Sächsische Zeitung, 08.02.2007
Stasi-Vorwürfe gegen PDS-Abgeordneten
Landtag. Neue Unterlagen belasten den Leipziger Stadtchef der Linkspartei, Volker Külow.
Wieder einmal hat die Vergangenheit die PDS eingeholt: Erneut erhärtet sich gegen einen Landtagsabgeordneten der Linksfraktion der Verdacht der Stasi-Mitarbeit. Dabei handelt es sich um den Leipziger PDS-Stadtchef Volker Külow. Das Außergewöhnliche an diesem Fall: Der 46-jährige Historiker, der im Herbst 2004 über die PDS-Landesliste in den Landtag eingerückt war, hatte bereits kurz darauf bestätigt, dass er Inoffizieller Mitarbeiter (IM) des Staatssicherheitsdienstes war.
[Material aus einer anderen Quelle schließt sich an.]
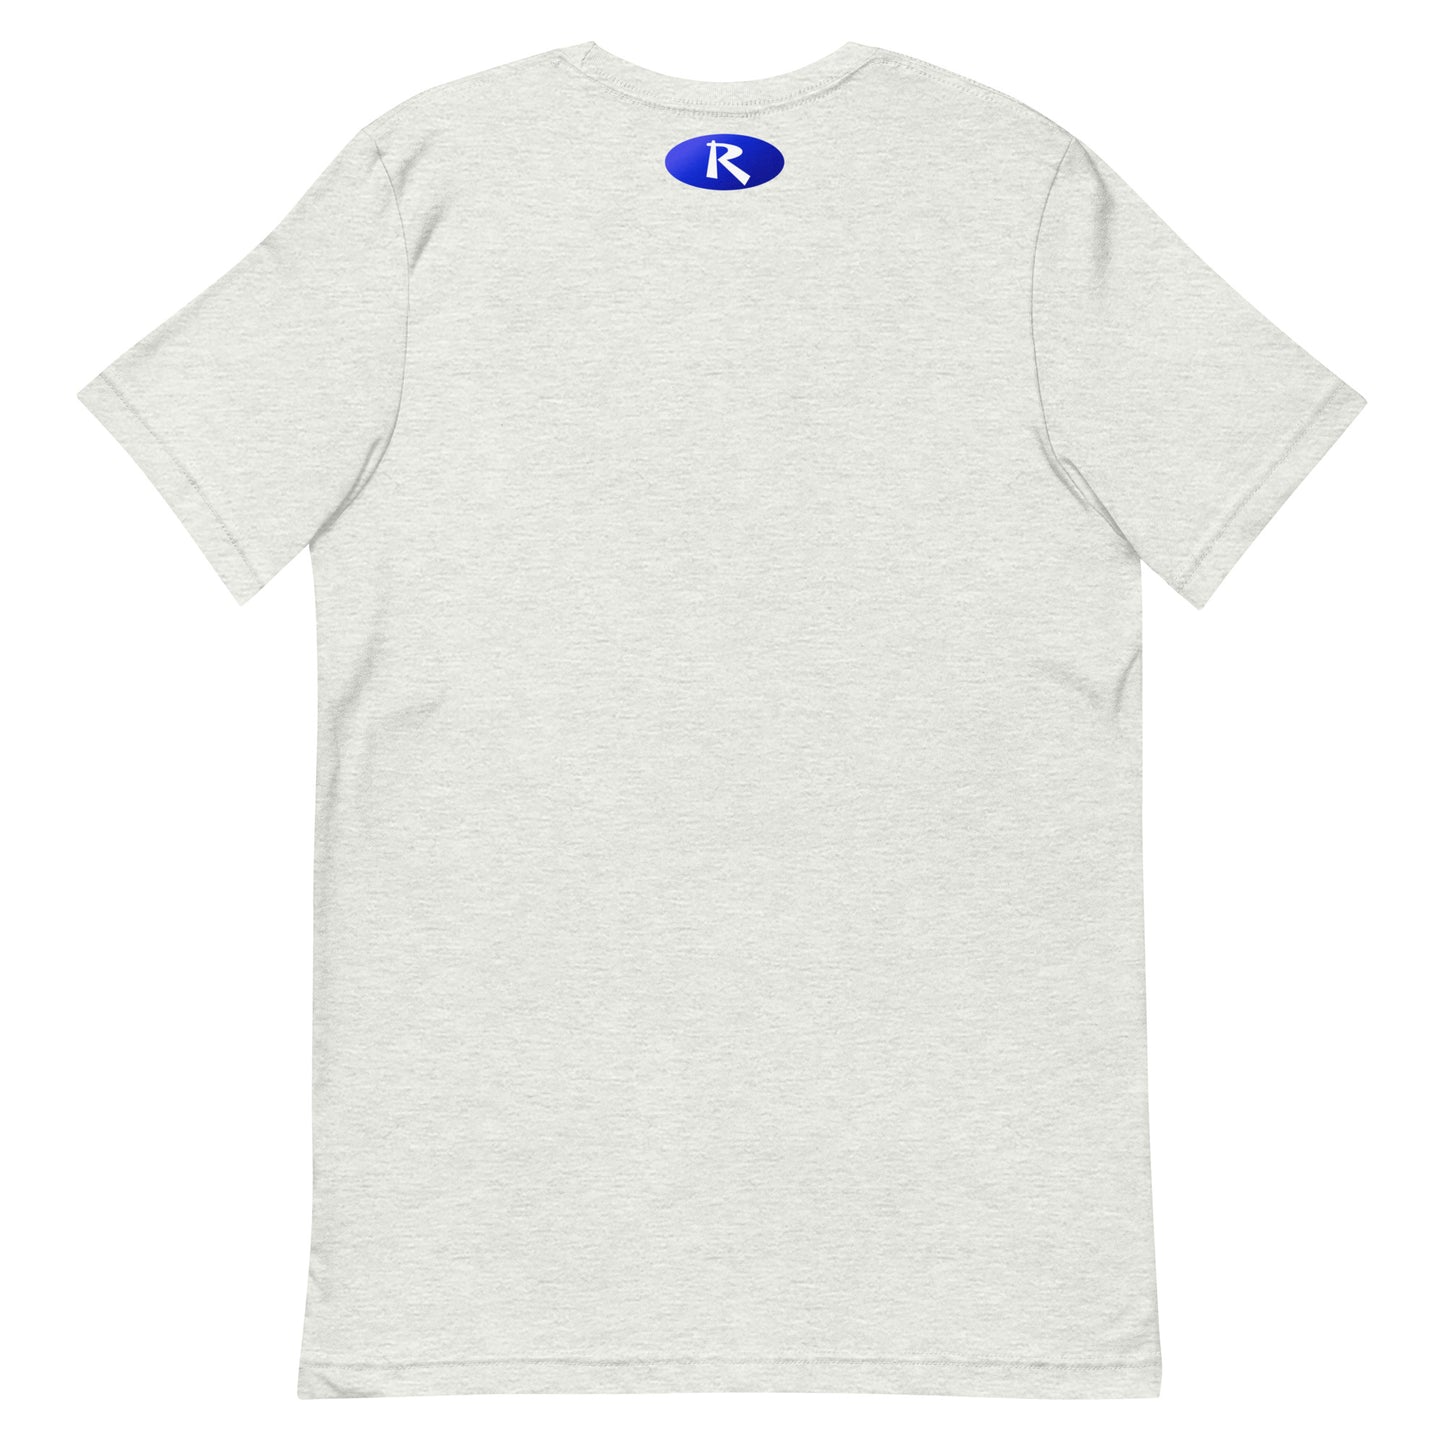 Be Kind ReMar Nurse T-Shirt (Unisex Fit)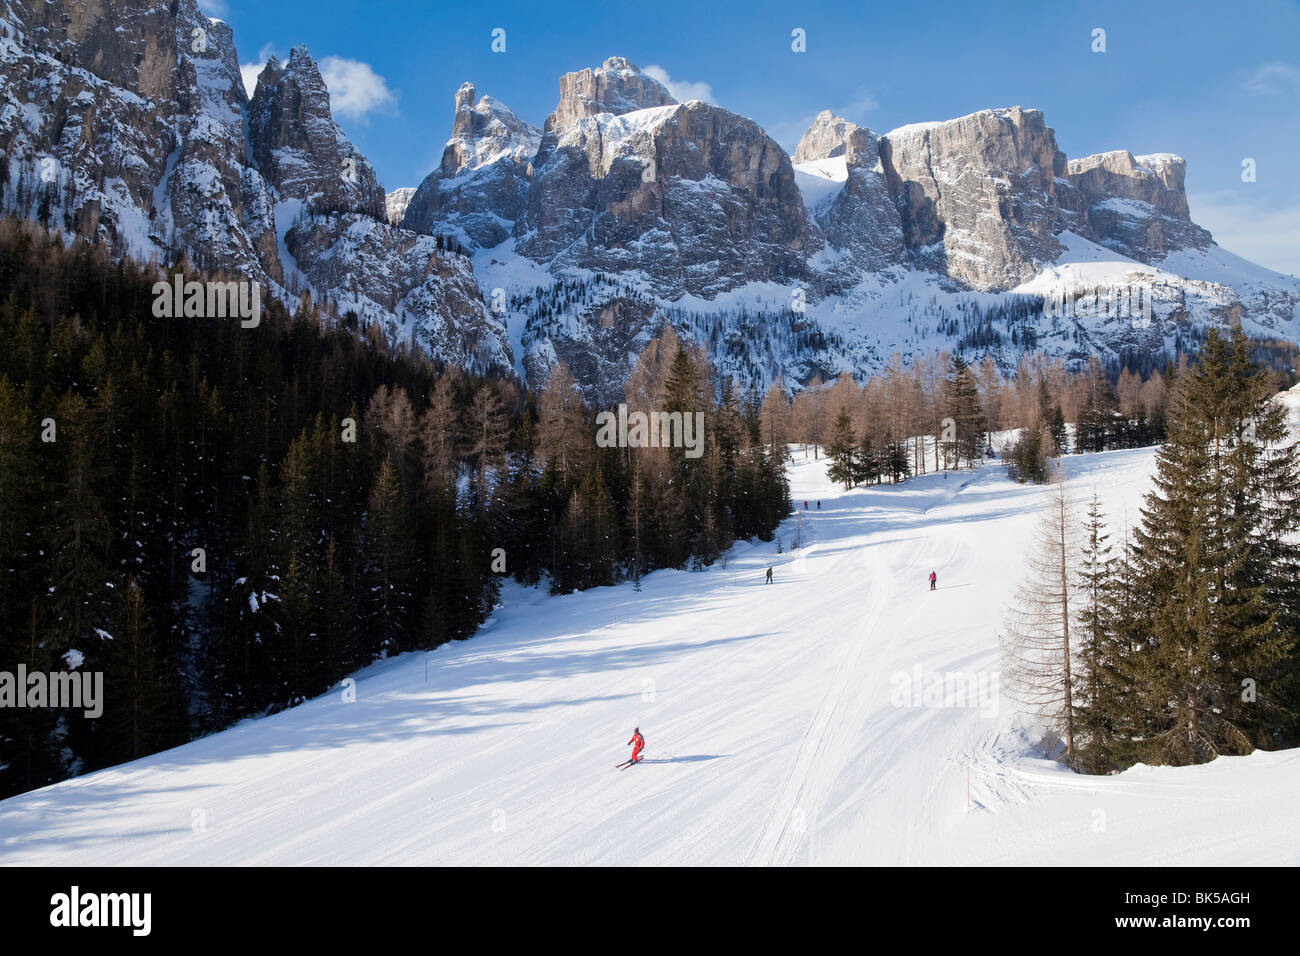 Sella Ronda Skigebiet Val Gardena, Sella Massivs Reihe von Bergen unter  Winterschnee, Dolomiten, Süd Tirol, Italien Stockfotografie - Alamy

Doch nach SZ-Informationen könnte Külow neu ausgewerteten Akten der Birthler-Behörde zufolge weit mehr als bisher eingestanden in Stasi-Machenschaften verwickelt gewesen sein. Der Bewertungsausschuss des Sächsischen Landtags, der mögliche Stasi-Verwicklungen von Abgeordneten überprüft, hat sich daher gestern umfassend mit dem Fall Külow befasst. Erst vor kurzem ist der Runde aus zwölf Abgeordneten aller Fraktionen umfangreiches Aktenmaterial zugegangen, das eine Neubewertung der Spitzel-Tätigkeit Külows erforderlich machen könnte. Im schlimmsten Falle könnte dem in einem langwierigen Landtagsverfahren per Abgeordnetenanklage das Mandat entzogen werden.
IM-Tätigkeit eingestanden
Im Fall Külow steht der Ausschuss aber derzeit nach SZ-Informationen erst ganz am Anfang. Zunächst müsse das Material gesichtet werden, hieß es. Teilnehmer der Runde, die zur absoluten Verschwiegenheit verpflichtet ist, zeigten sich jedoch bestürzt über den Umfang des neuen Aktenmaterials.
In Kürze solle Külow Gelegenheit erhalten, vor dem Ausschuss zum Verdacht einer möglichen Stasi-Verwicklung Stellung zu nehmen, hieß es.
Külow selbst kann sich derzeit nicht vorstellen, worum es bei den neuen Unterlagen gehen könnte. Er kenne sie nicht. „Aber ich habe nie einen Hehl daraus gemacht, dass ich Inoffizieller Mitarbeiter des Ministeriums für Staatssicherheit war“, bekräftigte er gestern auf Anfrage der SZ. Er habe von 1988 bis 1989 für die Hauptverwaltung Aufklärung (HVA), die Auslandsspionage der DDR, gearbeitet. „Ehrenamtlich“, wie Külow selbst seine Tätigkeit umschreibt. Dabei habe er als sogenannter Reisekader im Ausland mehrfach Kontakt mit „Bürgern der BRD“ gehabt und darüber auch Berichte verfasst. „Perspektivisch war angedacht, dass ich dort auch Mitarbeiter anwerbe“, sagte Külow.
Der gebürtige Leipziger war 1980 in die SED eingetreten. Von 1982 bis 1986 absolvierte er zunächst eine Ausbildung zum Diplomlehrer „Marxismus-Leninismus/Geschichte der Arbeiterbewegung“ an der Leipzig Universität und promovierte. Seit Juni 2004 sitzt Külow für die PDS im Leipziger Stadtrat.